Your goal →
The listing is to be transcribed in full, with its images left out.

Source material →
##########
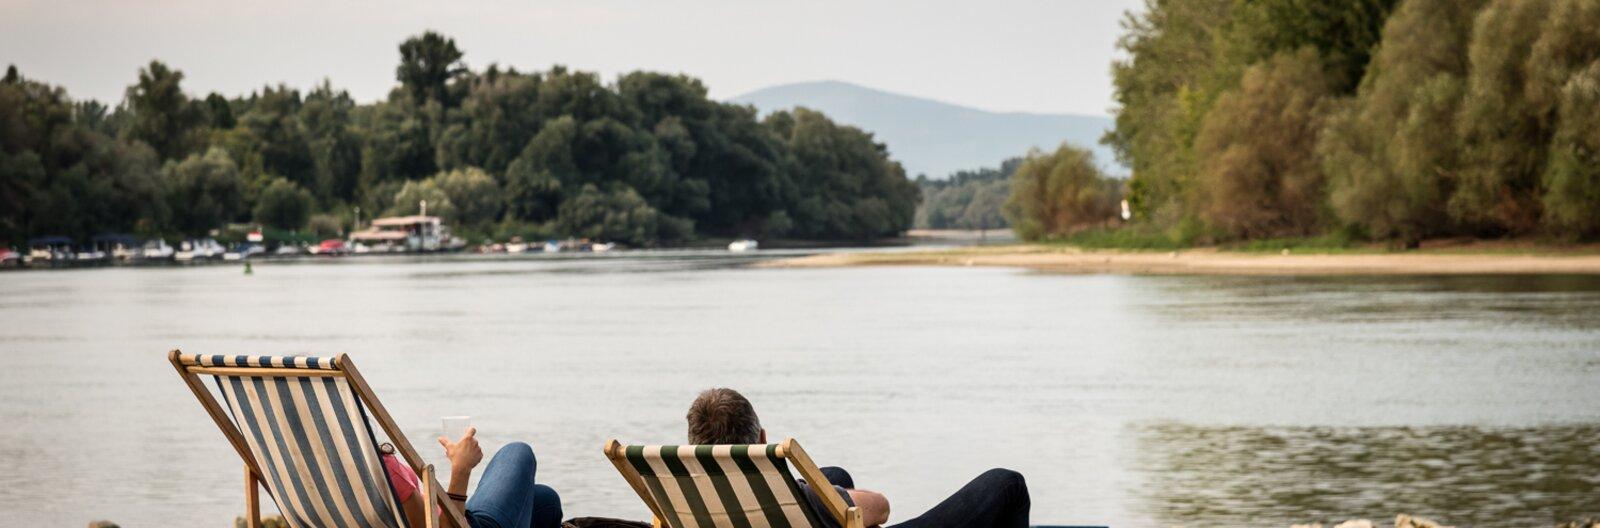 10 kirándulóhely, amit érdemes felfedezni a Dunakanyarban
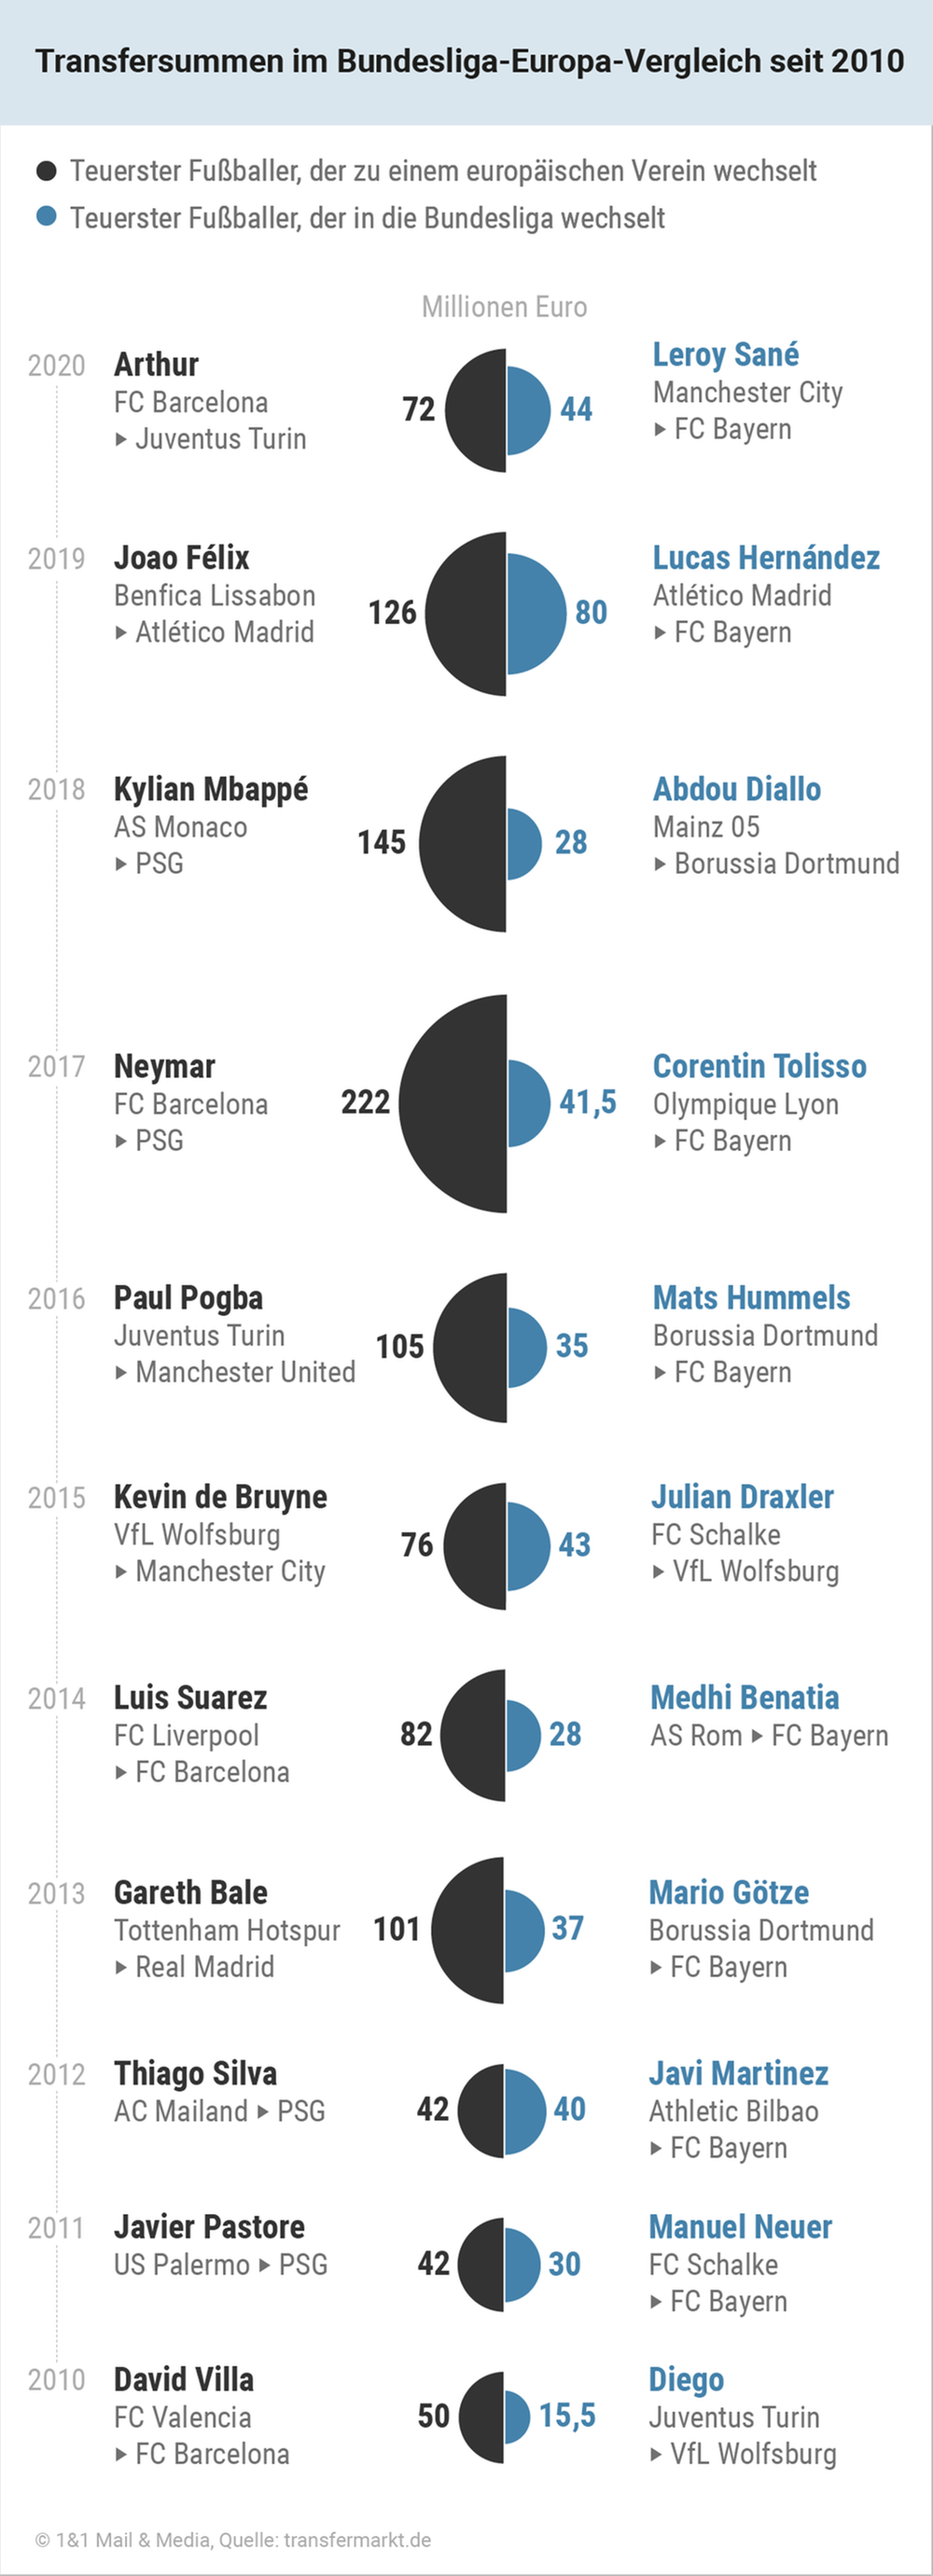 Transfersummen-im-Bundesliga-Europa-Vergleich
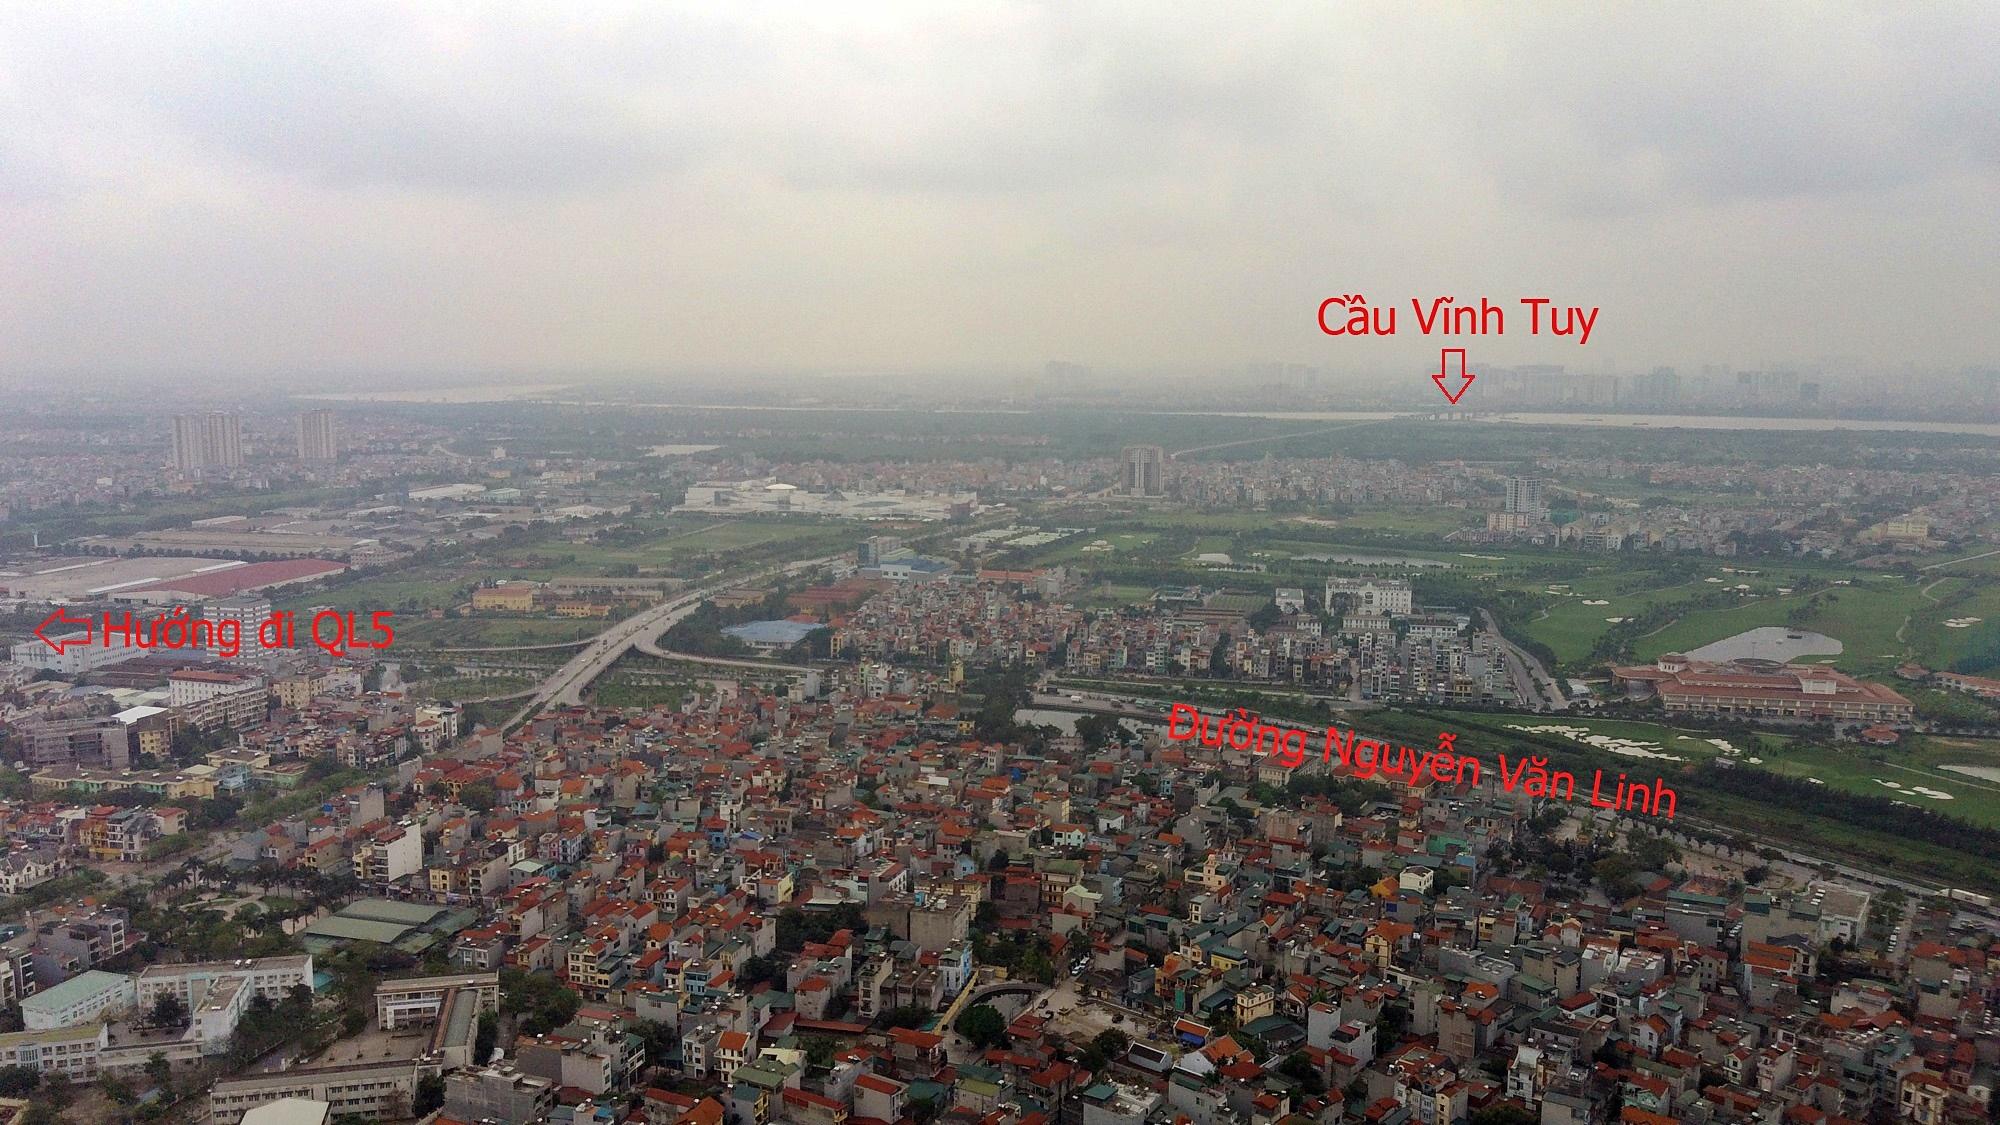 Cầu sẽ mở theo qui hoạch ở Hà Nội: Toành cảnh vị trí làm cầu Giang Biên - Ảnh 10.
##########
Reply →
 10 kirándulóhely, amit érdemes felfedezni a Dunakanyarban
 Transfersummen-im-Bundesliga-Europa-Vergleich
 Cầu sẽ mở theo qui hoạch ở Hà Nội: Toành cảnh vị trí làm cầu Giang Biên - Ảnh 10.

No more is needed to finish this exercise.